Leave out all pictures. Extract exactly the lines from the one containing "コカコーラ 東京オリンピック ピンバッジ" through the end of the data.

Data extract:
——————

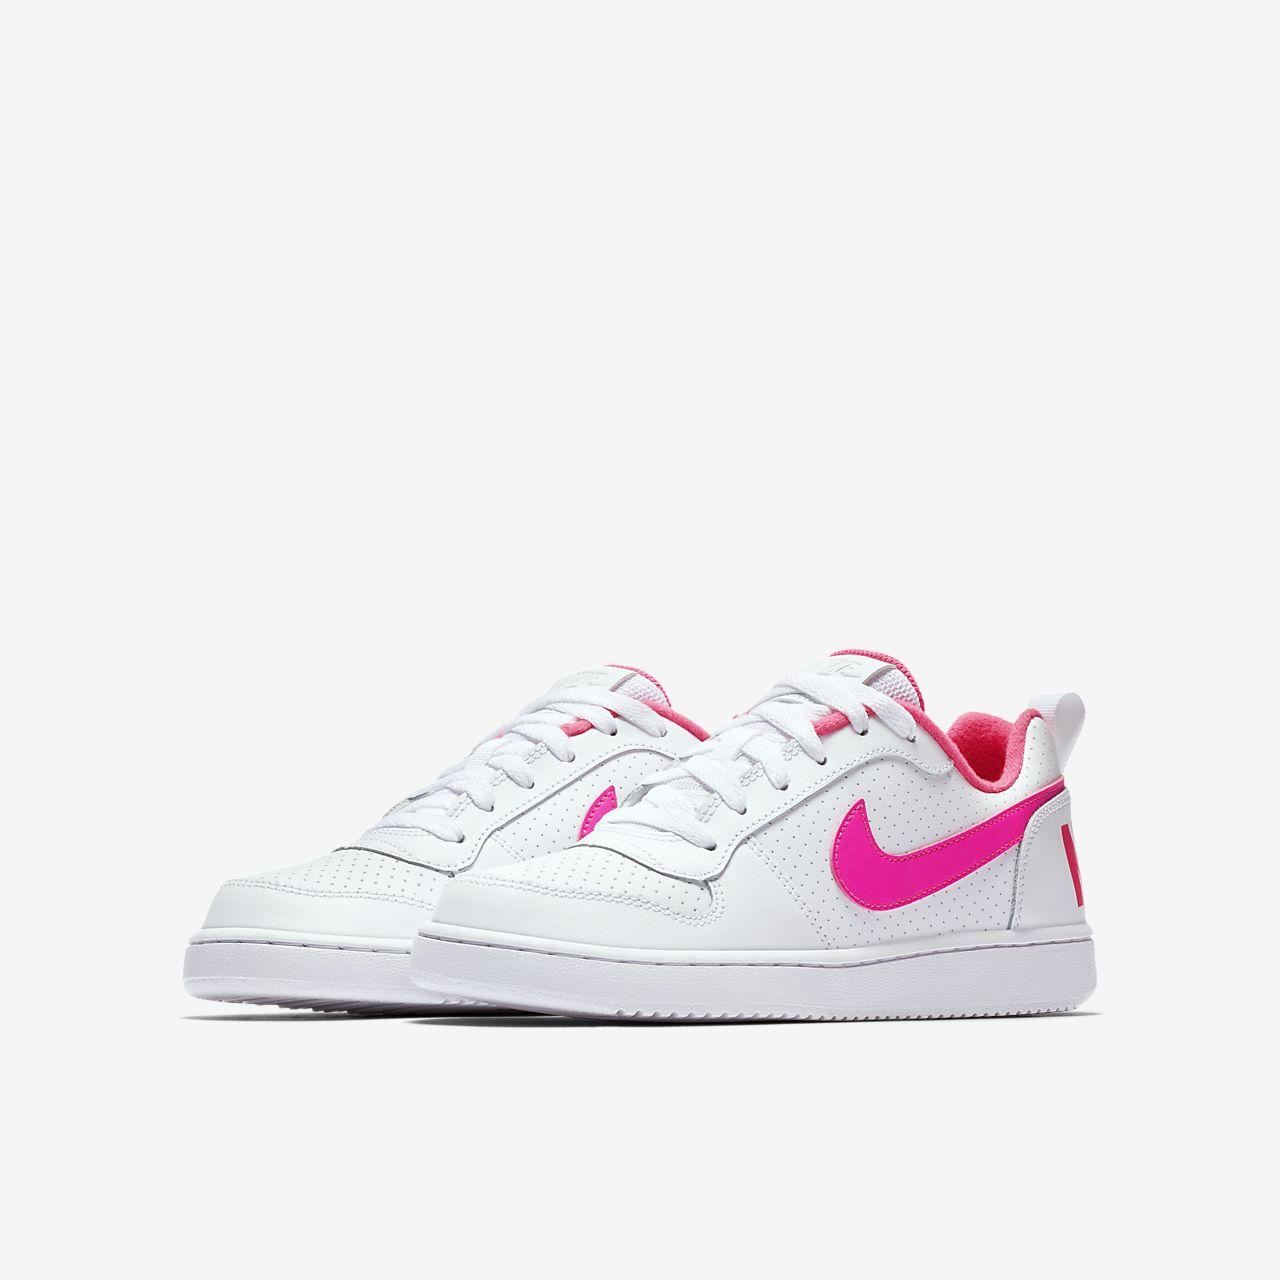 nike court borough low pink
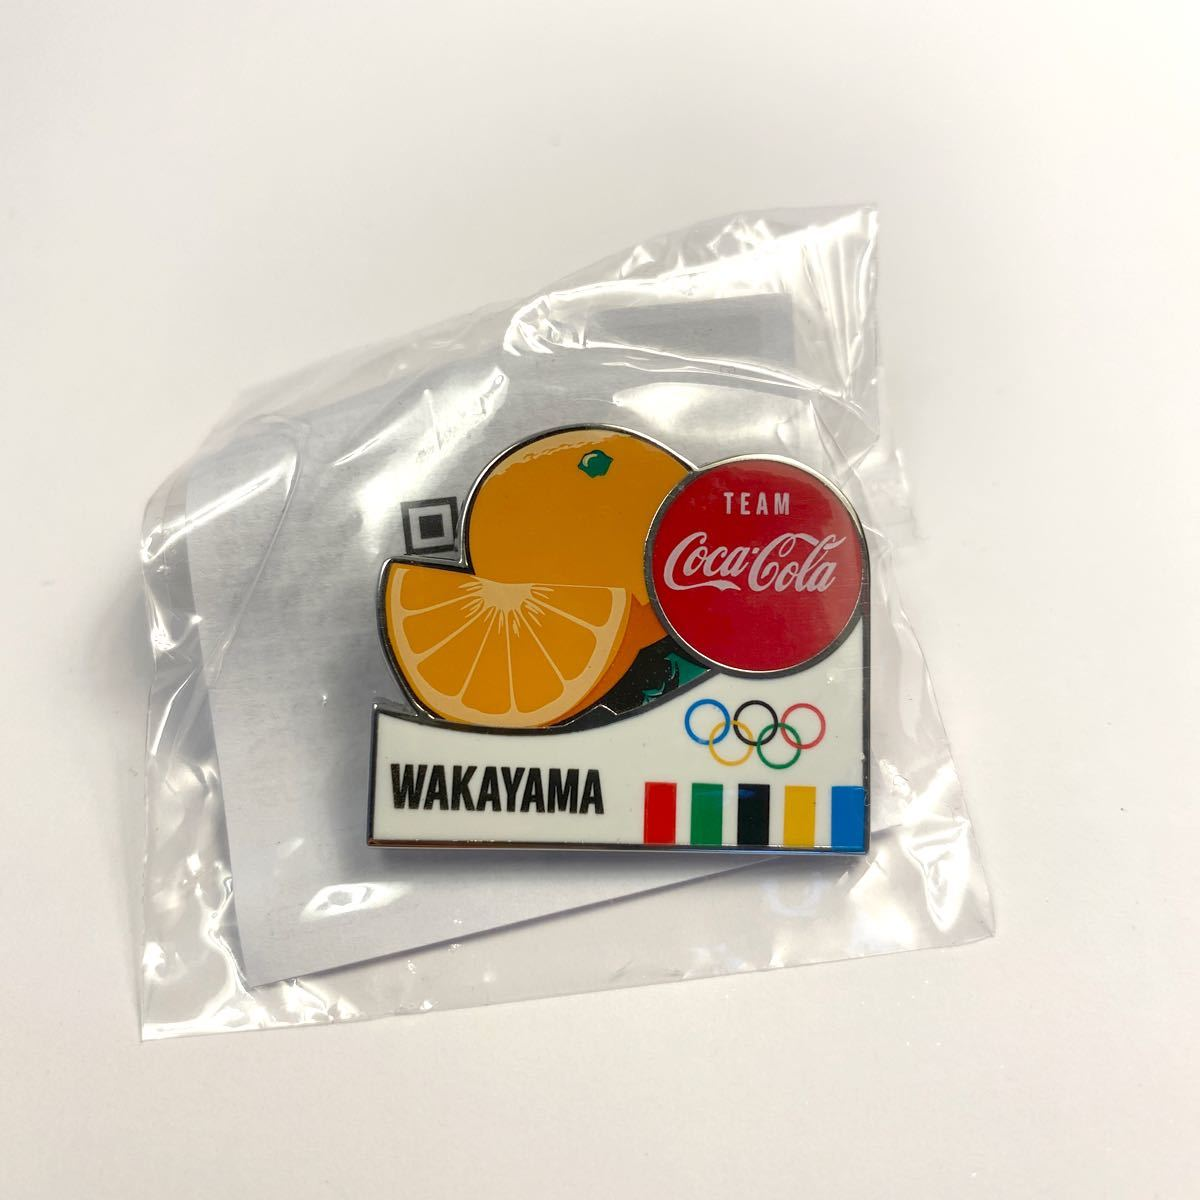 コカコーラ 東京オリンピック ピンバッジ 都道府県 ピンバッチ コカ・コーラ 和歌山県 ピン
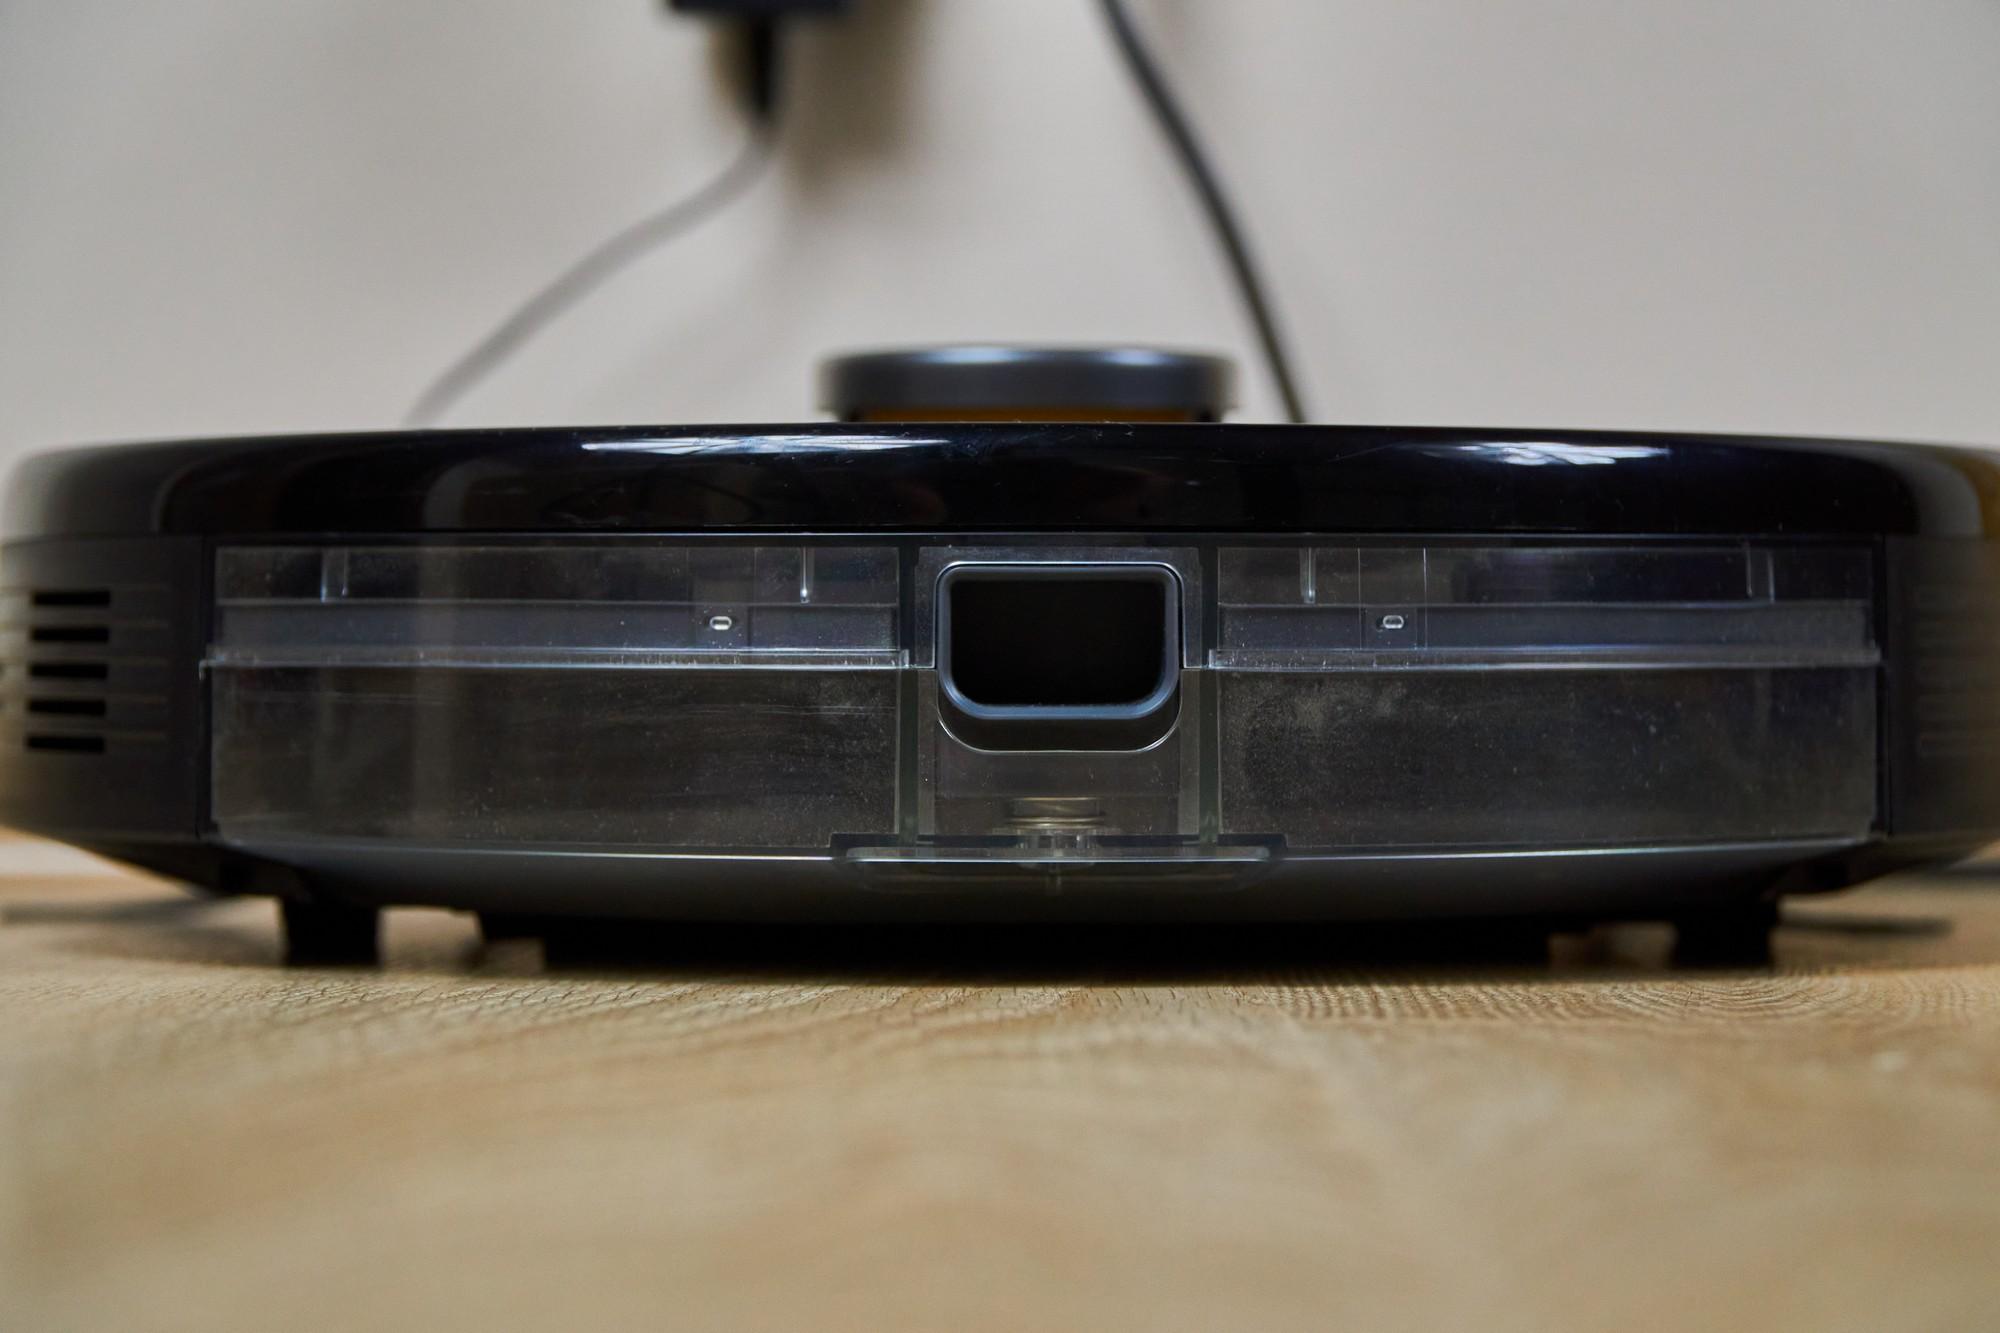 realme TechLife Robot Vacuum - coś poszło nie tak... (recenzja)
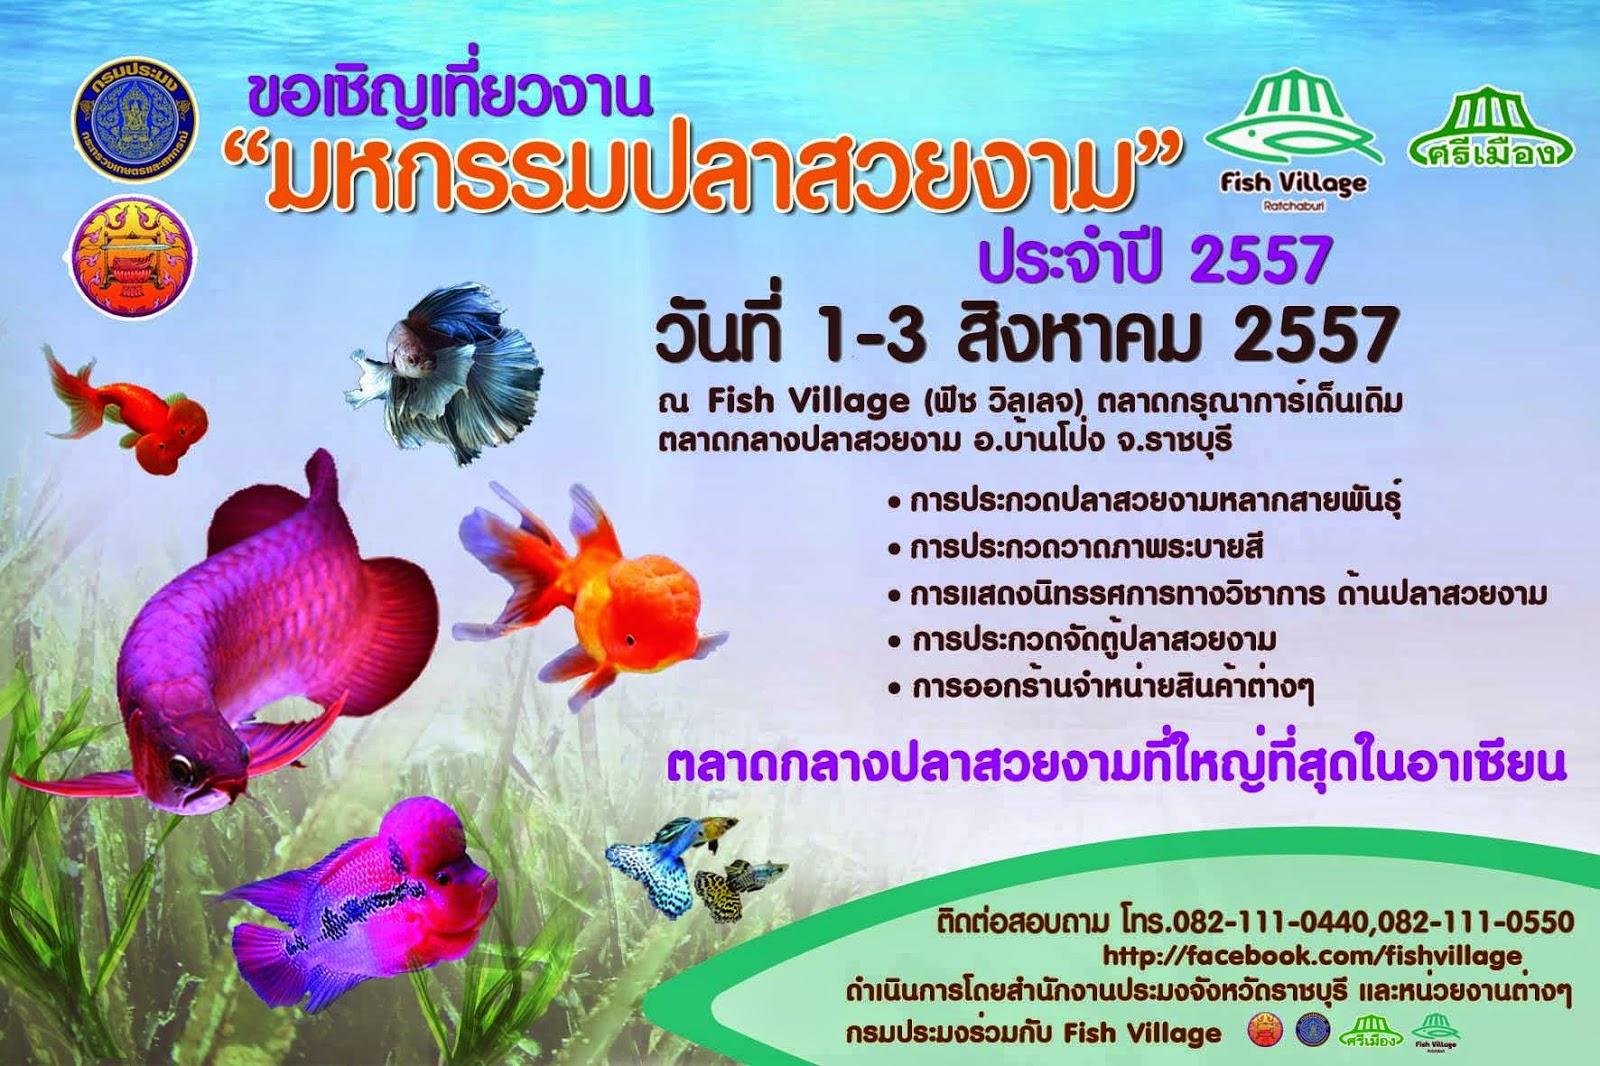 มหกรรมปลาสวยงาม 2557 บ้านโป่ง ราชบุรี ประกวดปลาสวยงาม

——————

Result:
 コカコーラ 東京オリンピック ピンバッジ 都道府県 ピンバッチ コカ・コーラ 和歌山県 ピン
 realme TechLife Robot Vacuum - coś poszło nie tak... (recenzja)
 มหกรรมปลาสวยงาม 2557 บ้านโป่ง ราชบุรี ประกวดปลาสวยงาม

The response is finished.